**YOUR GOAL**
No pictures, nothing altered: return the data below.

**EXTRACTED RECORDS**
_ _ _ _ _ _ _
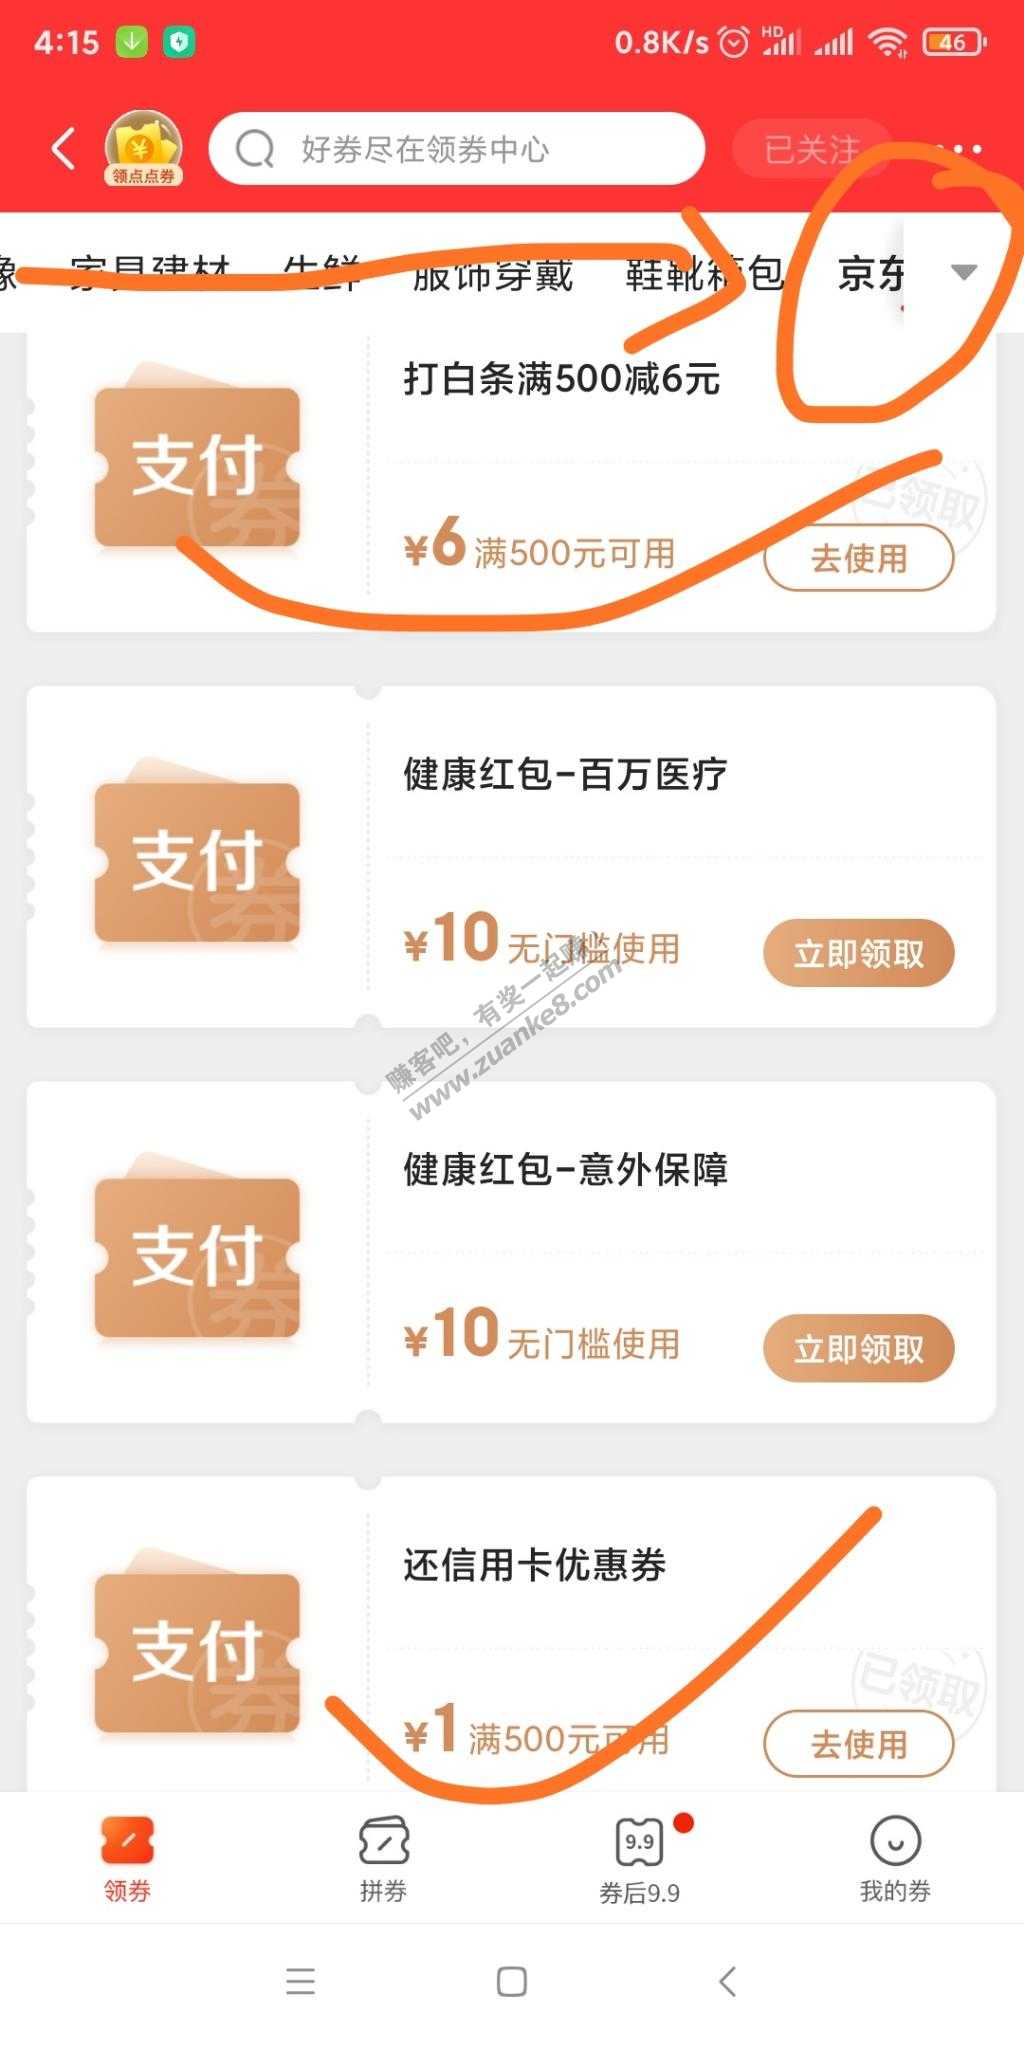 可能非首发：京东app领信用卡500-1-白条49-2-109-5-500-6-惠小助(52huixz.com)
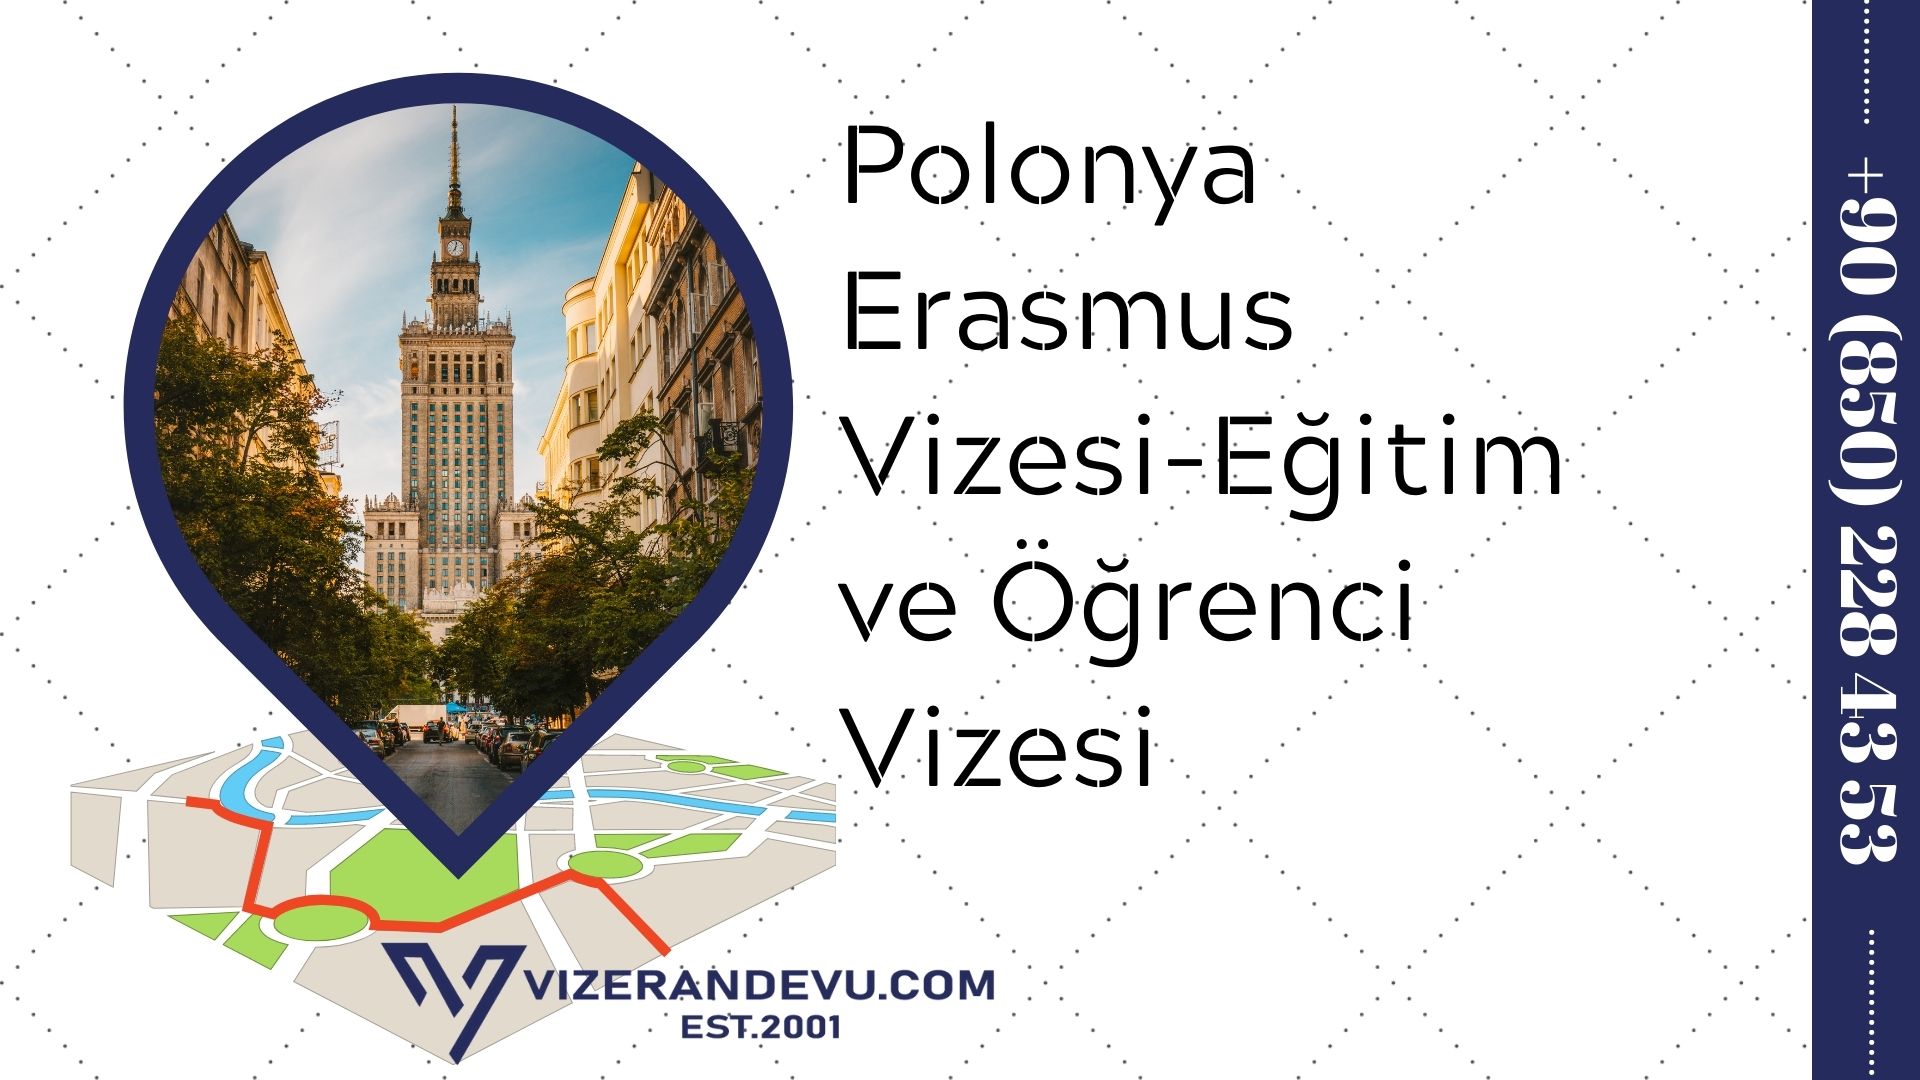 Polonya Erasmus Vizesi-Eğitim ve Öğrenci Vizesi
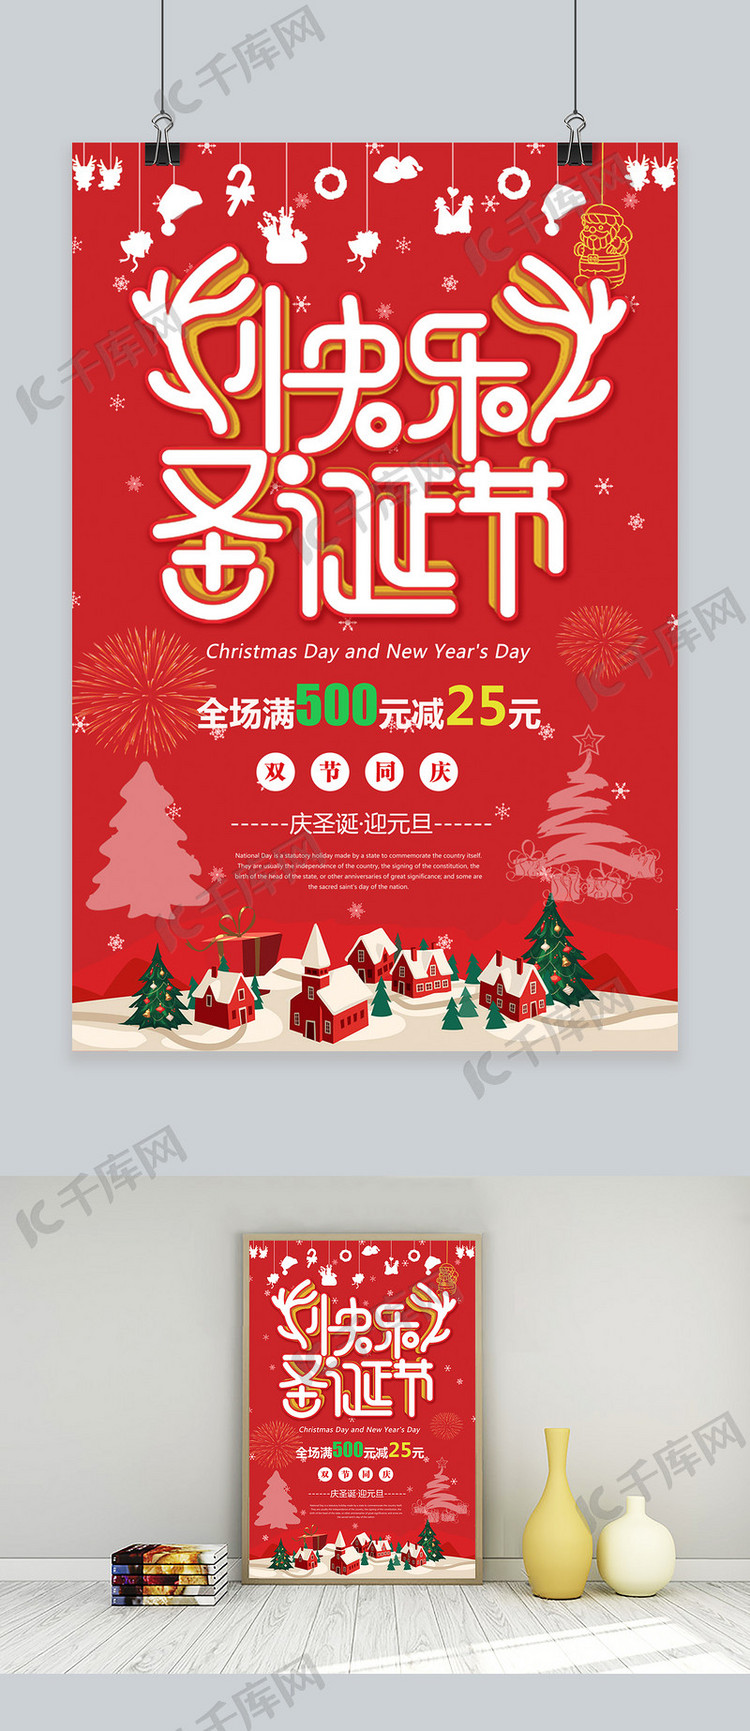 千库原创红色圣诞节促销宣传海报
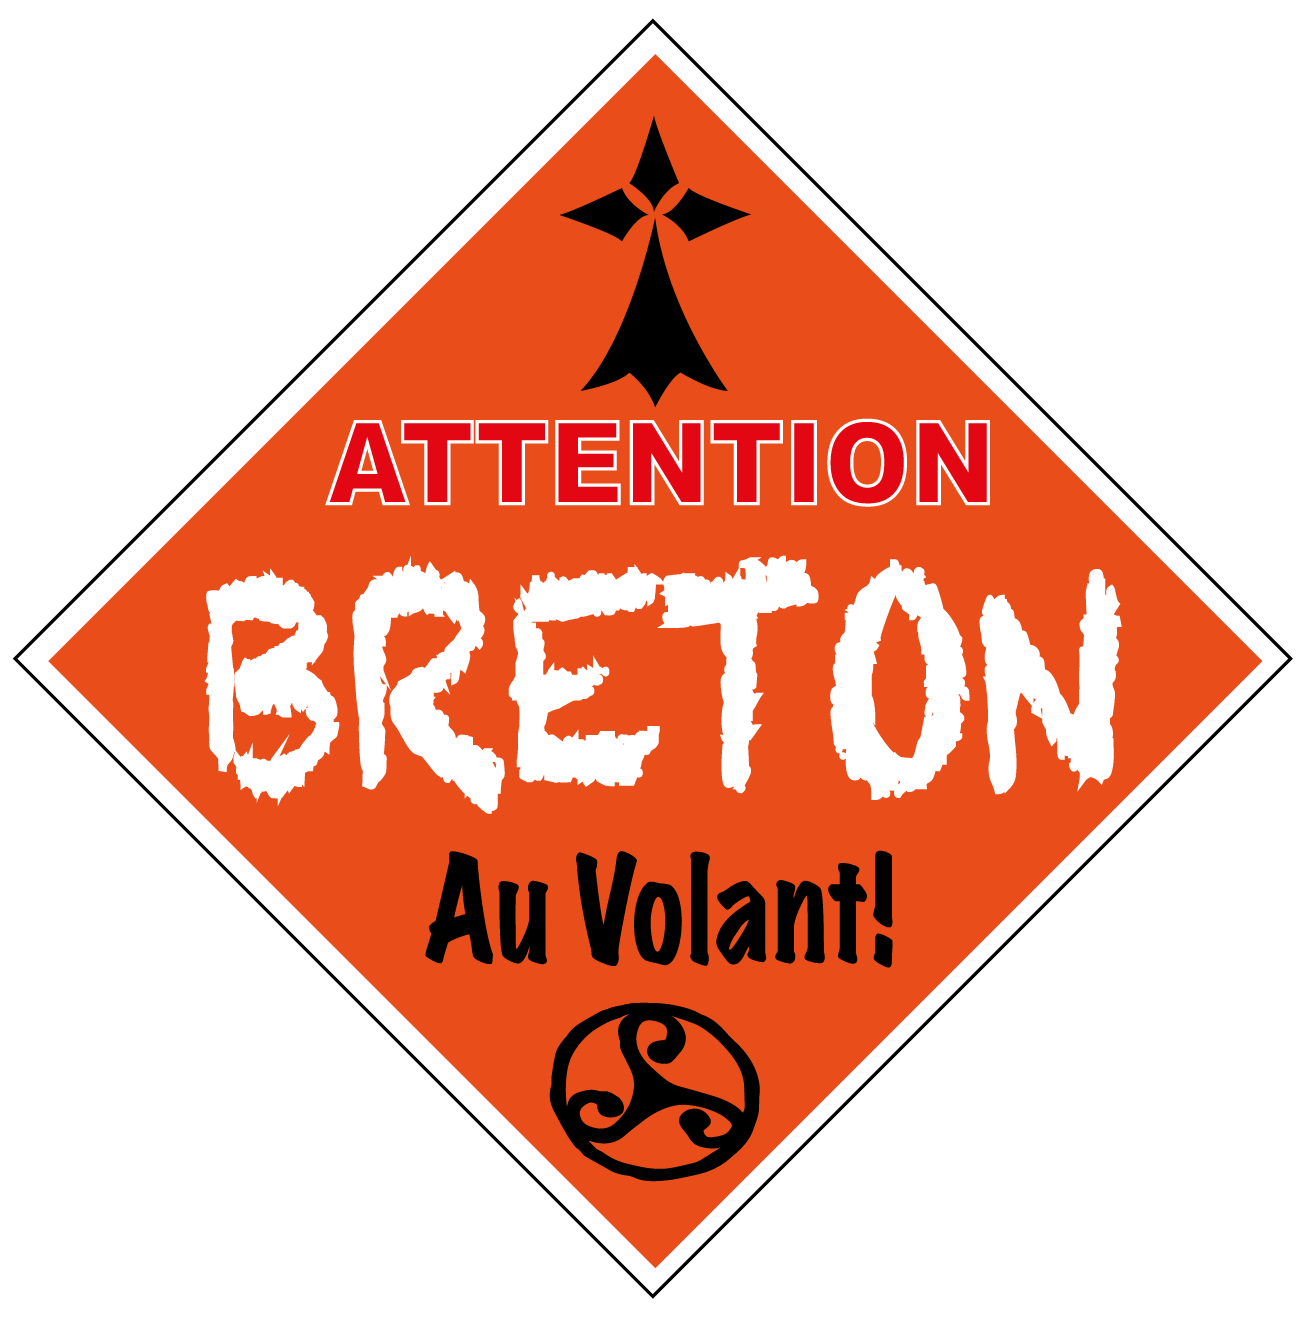 Autocollant Attention Breton Au Volant 15 x 15 cm - Autocollant BZH
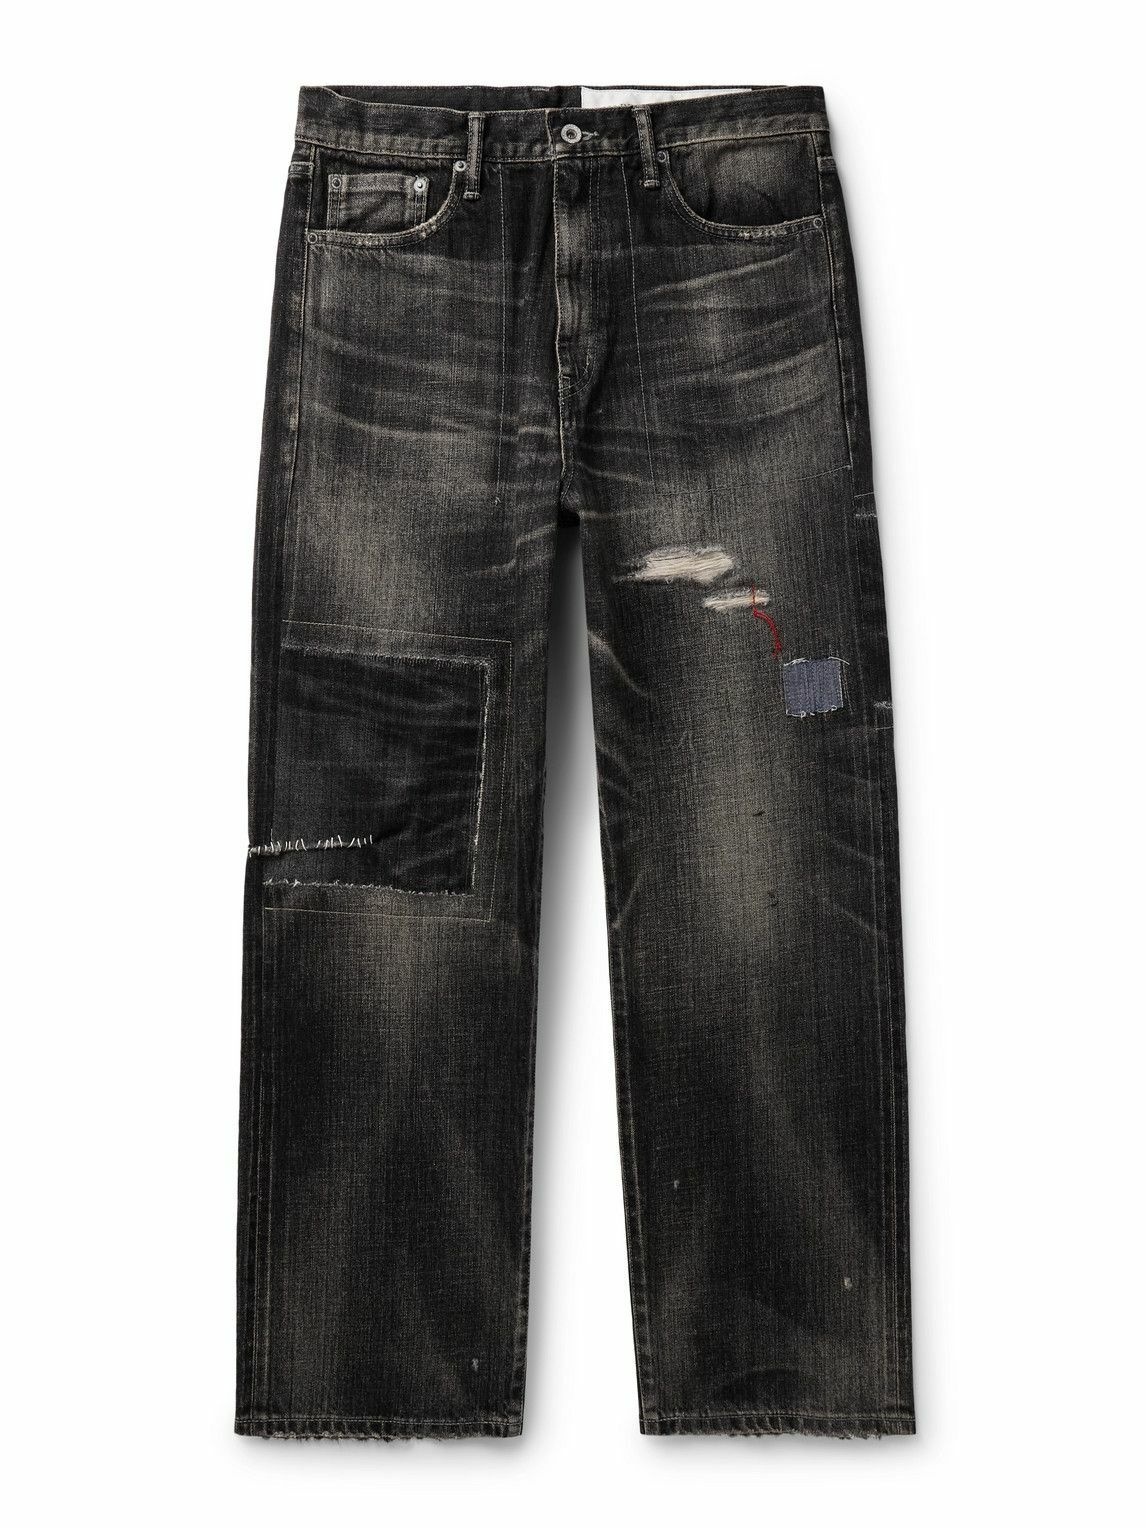 Mens Scratch Jeans Pants for Men Stylish Slim Fit Stretch Jeans Denim Men  Pant, Light Blue Colour, 30W Size -
_ _ _ _ _ _ _
**RESULT FOR THIS EXERCISE**
 可能非首发：京东app领信用卡500-1-白条49-2-109-5-500-6-惠小助(52huixz.com)
 Polonya Erasmus Vizesi-Eğitim ve Öğrenci Vizesi
 千库原创红色圣诞节促销宣传海报
 Autocollant Attention Breton Au Volant 15 x 15 cm - Autocollant BZH
 Mens Scratch Jeans Pants for Men Stylish Slim Fit Stretch Jeans Denim Men  Pant, Light Blue Colour, 30W Size -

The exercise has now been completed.